December 5, 2014

Building Highly Available Systems Using Amazon Web Services

High Availability is the fundamental feature of building software solutions in a cloud environment. Traditionally high availability has been a very costly affair but now with AWS, one can leverage a number of AWS services for high availability or potentially “always availability” scenario.

In this blog, I’ll be mentioning some tips to attain high availability for your application deployed on Amazon Web Services.

Before starting, let us see how the AWS Infrastructure is organized across the globe.

1. AWS is spread across the world in multiple geographical locations called Regions. Refer to DIAG1 – REGIONS below.
2. Within each region, there are several isolated locations called Availability Zones. An availability zone can be seen as a separate data center within a region.




To build a highly available environment, the most recommended approach is to use multiple availability zones.

Assume a scenario of building a web application which needs to be highly available. A possible/simple deployment model for the same is to use Elastic Load Balancer in front of a cluster of your web application servers. Refer to DIAG2 – WEB TIER below.

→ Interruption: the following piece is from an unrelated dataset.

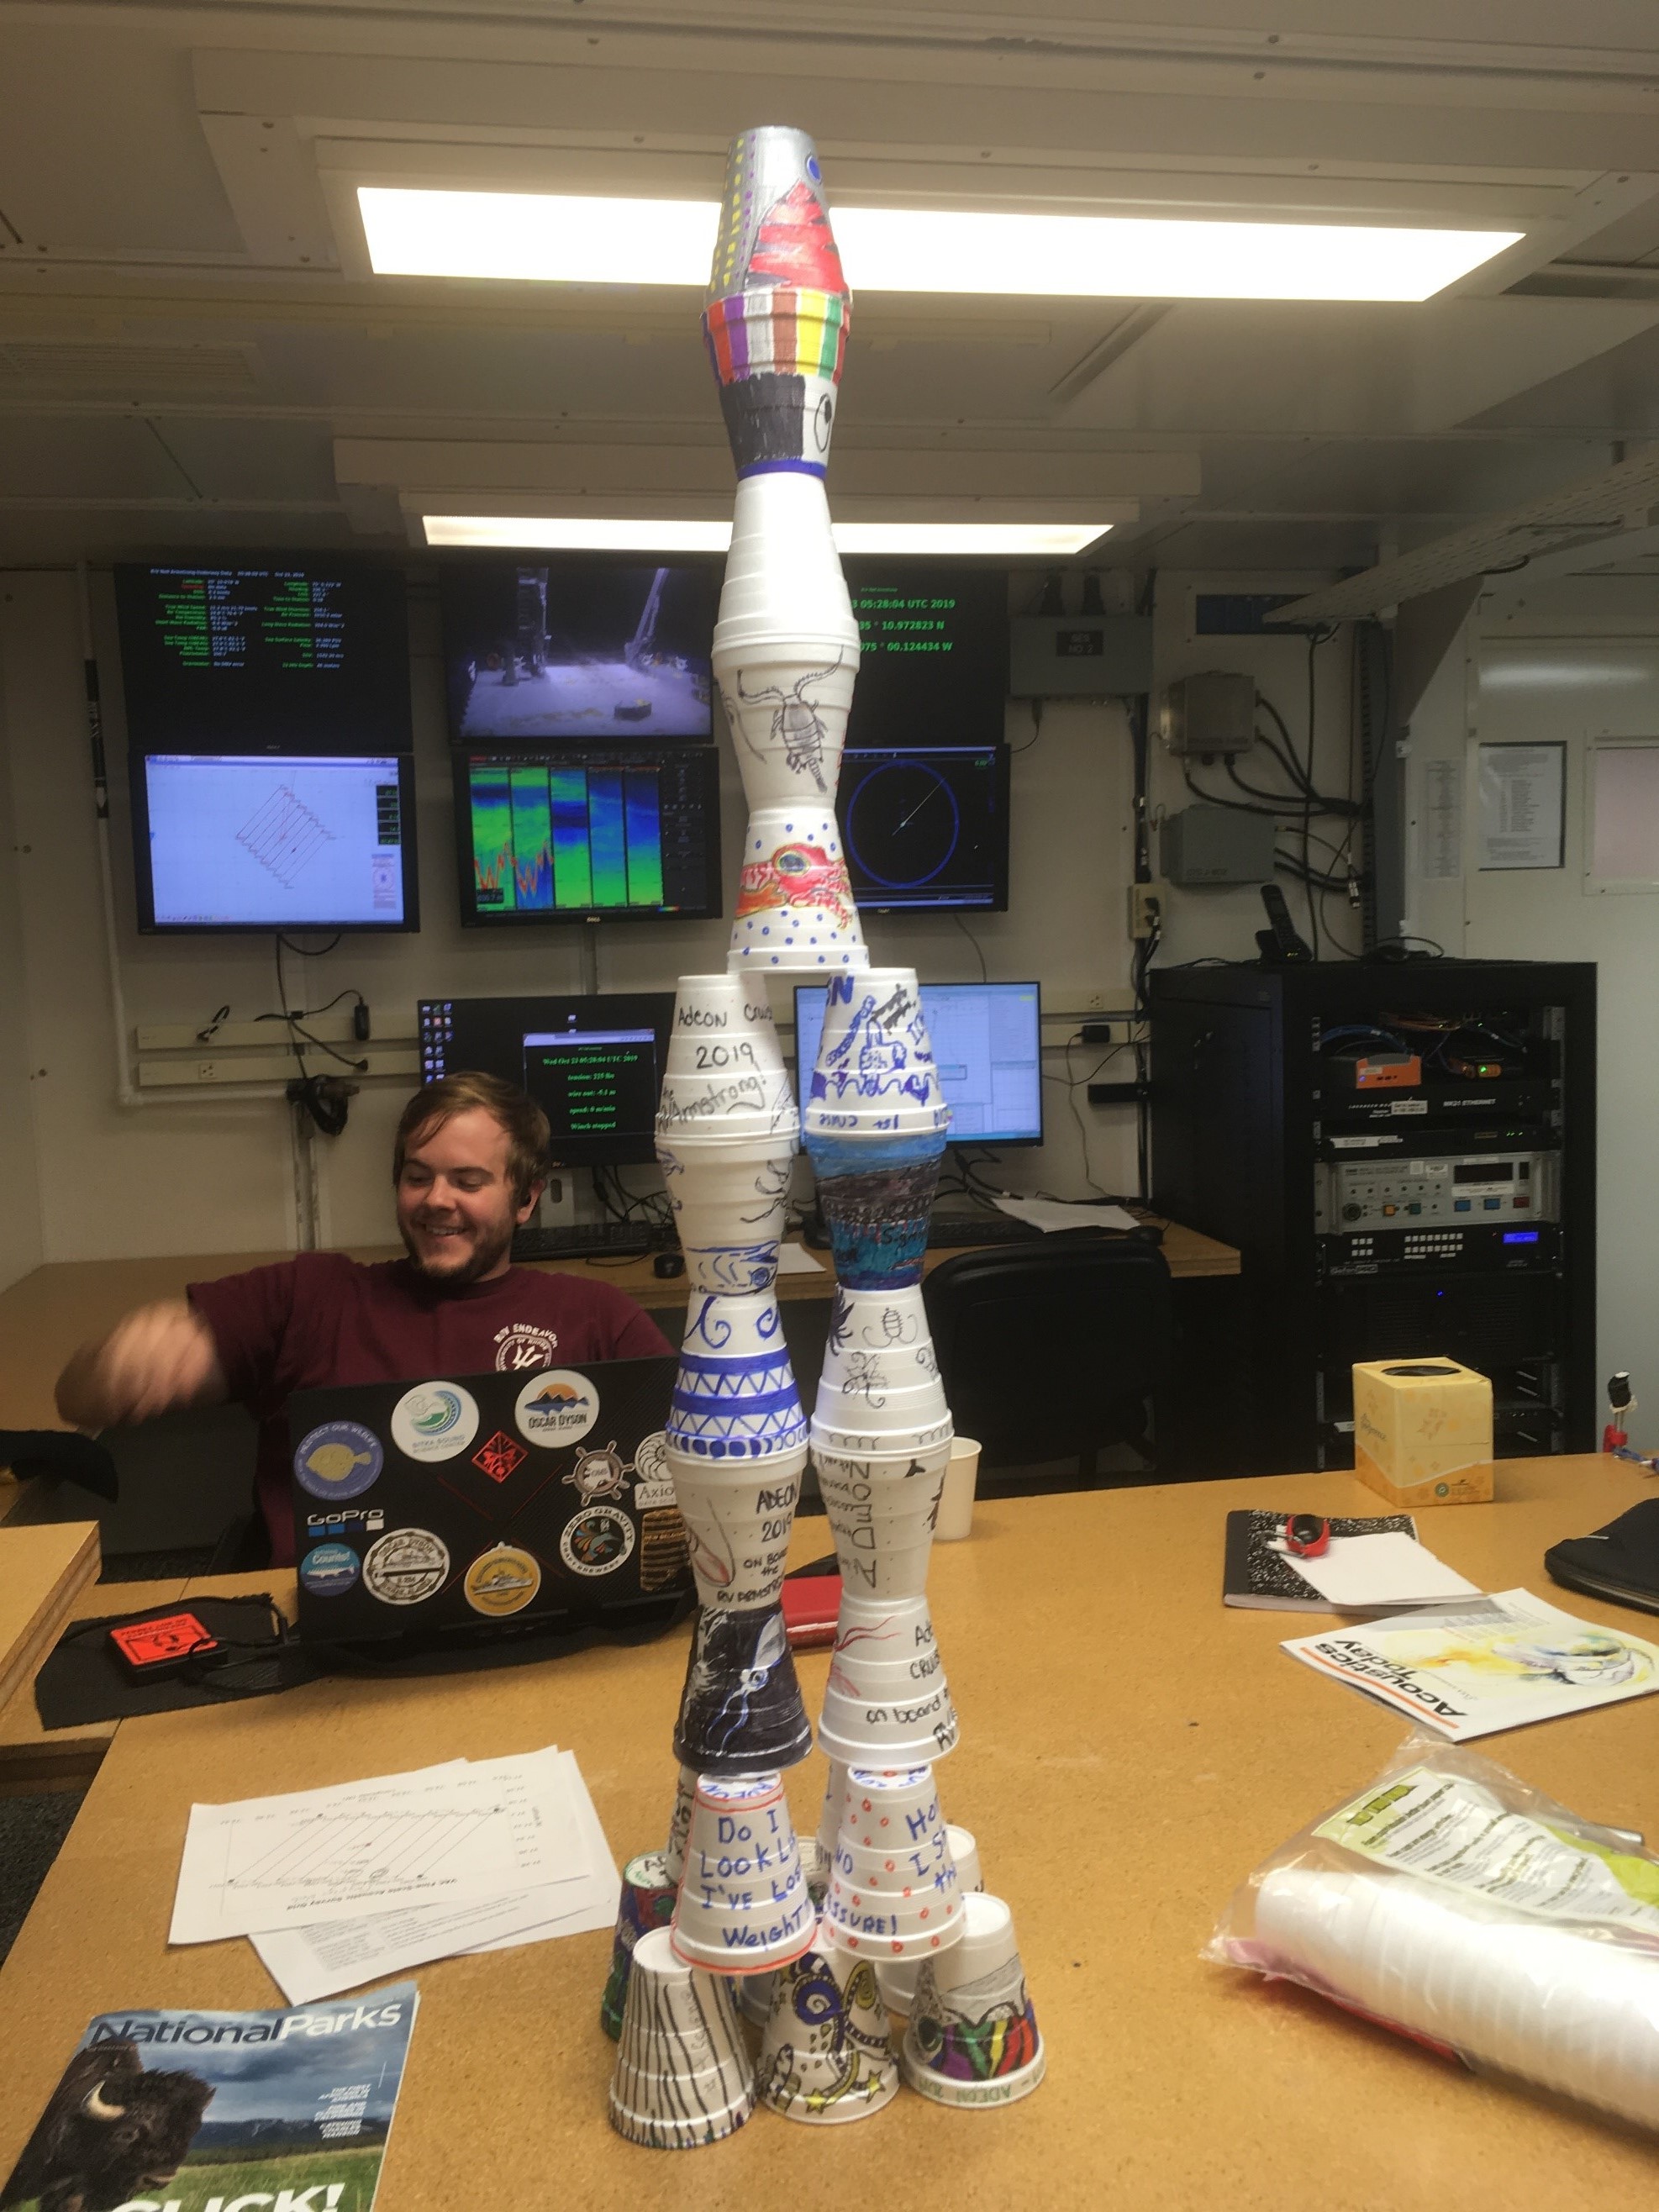 cup tower

One important point to note is: “The cluster should spread across multiple Availability Zones. The Availability Zones are fault isolated data centers which in turn maximize uptime for your Web Application Tier.”



Let us extend the above scenario; the web application is now integrated to a database. The whole application’s availability now depends on the database. What if it goes down? This will have a severe impact on the availability of the overall application.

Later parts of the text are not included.